Soil Fungi Give Added Benefits to No-Till Farmers

Soil Fungi Give Added Benefits to No-Till Farmers

March 18th, 2013

If you have read about our products containing the soil fungus Trichoderma, you know that a strong soil fungi population in your fields can lead to healthier, more productive plants.  Trichoderma provides multiple benefits to its host plant.  It enhances the anti-oxidative potential of the host.  The fungus aids the plant in building disease resistance.   It also enhances the uptake of water and nutrients while increasing the photosynthetic capabilities of the host plant.  As you can see, soil fungi have the ability to make a crop more productive, but did you know that these fungi can provide added benefits to no-till producers?

According to an article from the Ohio State University Extension, soil fungi have features that are specifically beneficial to farmers using no-till methods.  One such feature is the fungi’s ability to produce glomalin.  Glomalin is a sticky substance that surrounds microaggregate soil particles and glues them together to form macroaggregate soil particles.  These larger soil particles allow increased water infiltration and soil water holding capacity.  The macroaggregate particles also decrease soil compaction, as they cannot be as densely packed as microaggregates.

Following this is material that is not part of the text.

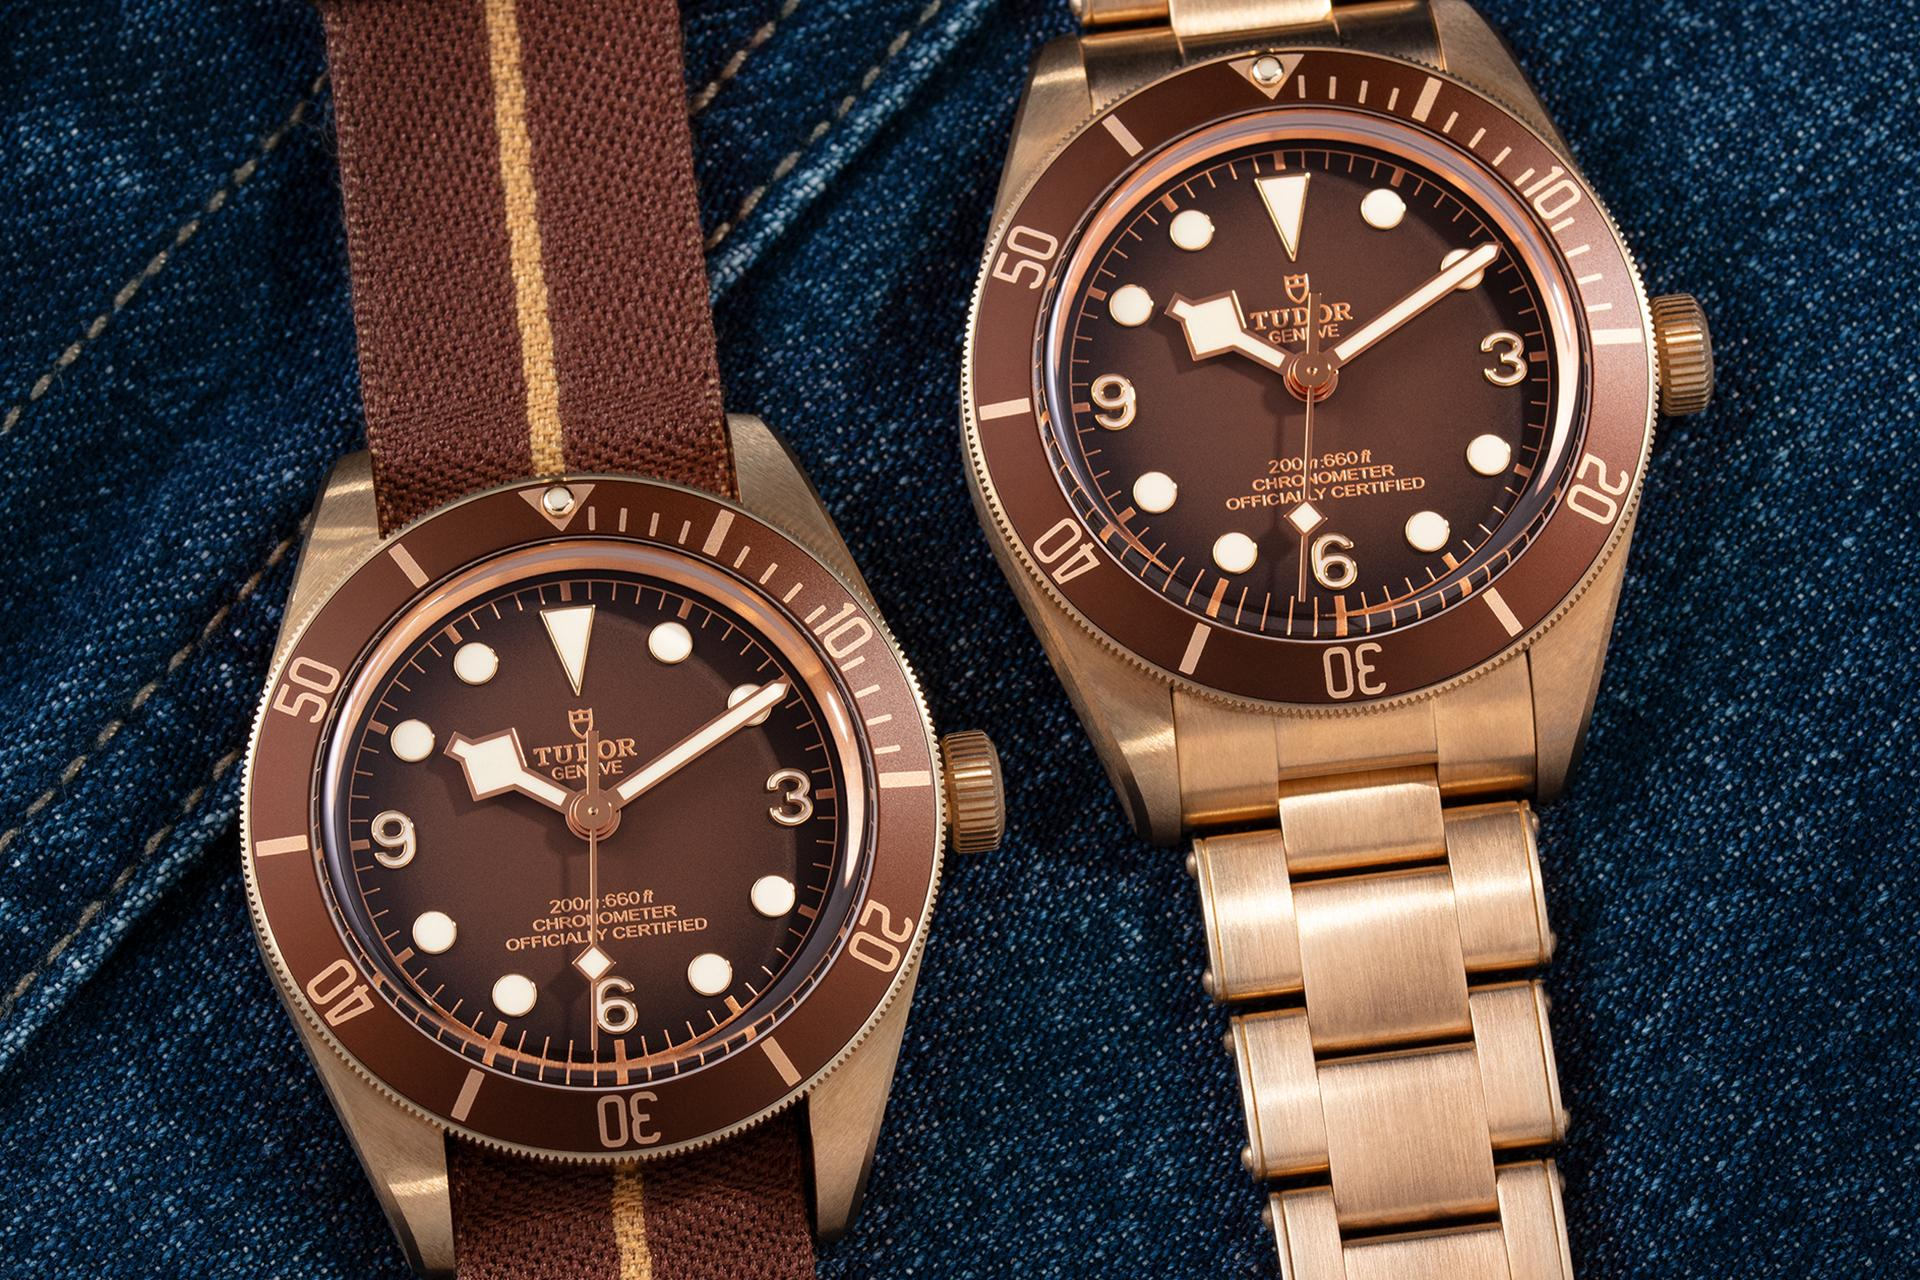 Tudor Black Bay Fifty-Eight Bronze, brown NATO strap, new Tudor watch 2021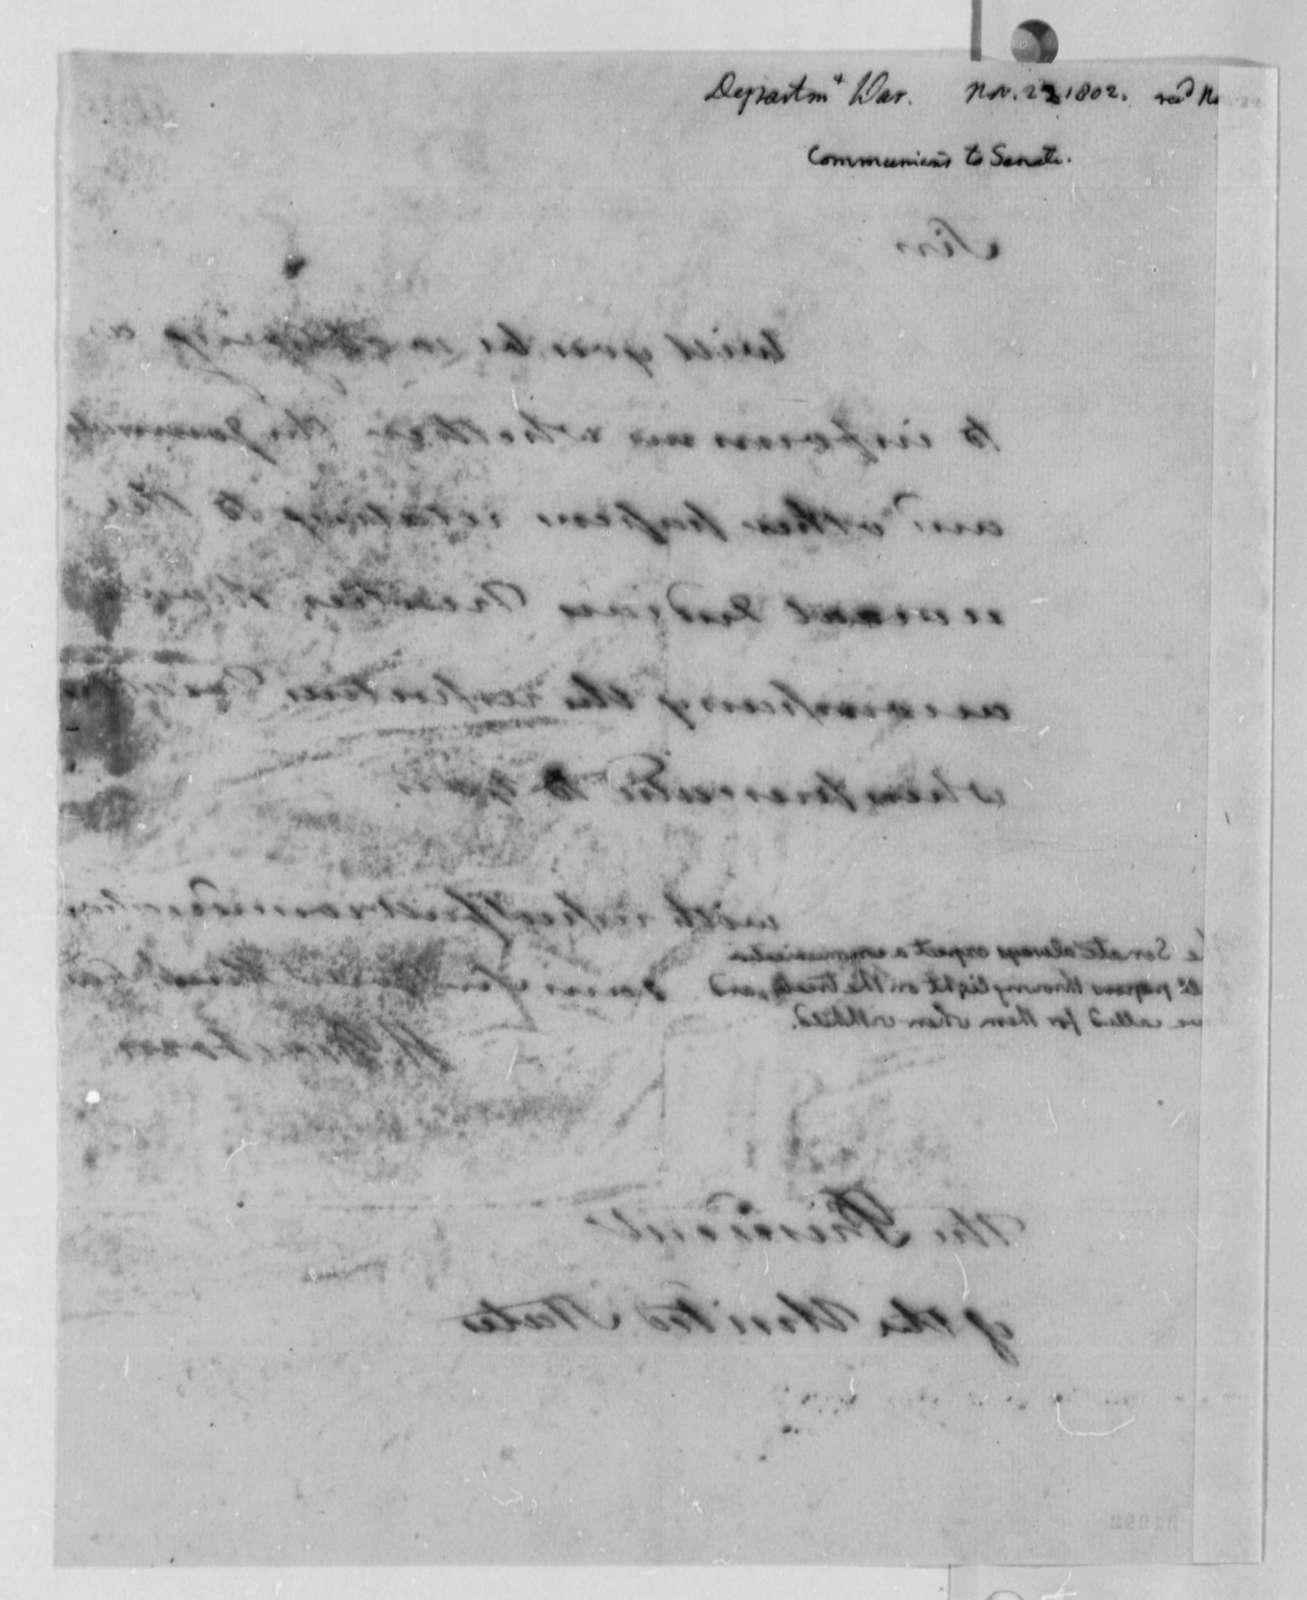 Henry Dearborn to Thomas Jefferson, November 22, 1802

Soil fungi greatly increase the surface area for plant roots and efficiently transport nutrients back to the plant.  The fungal hyphae (fungus filaments similar to a root hair) can explore up to 20% of the soil volume due to their small size compared to only 1% by root hairs.  In no-till soil matrices where the soil has not been broken up by tillage, this enhanced penetration can increase the plant’s ability to collect and utilize nutrients.

Soil fungi in no-till fields also have a better chance of surviving and benefiting next year’s crop.  Soil fungi often have enough resilience to convert from one resting stage to another when nutrient levels are low.  Fungal hyphae must be in close contact with living or dead organic soil residues to absorb nutrient and survive.  If a farmer keeps root systems intact over winter, or plants cover crops, the fungi may be able to latch on to these plants and remain active until the next growing season.

Soil fungi like the Trichoderma in our iGET technology have obvious benefits for plants in any growing conditions, and this research shows that it can have even more for plants in no-till soil conditions.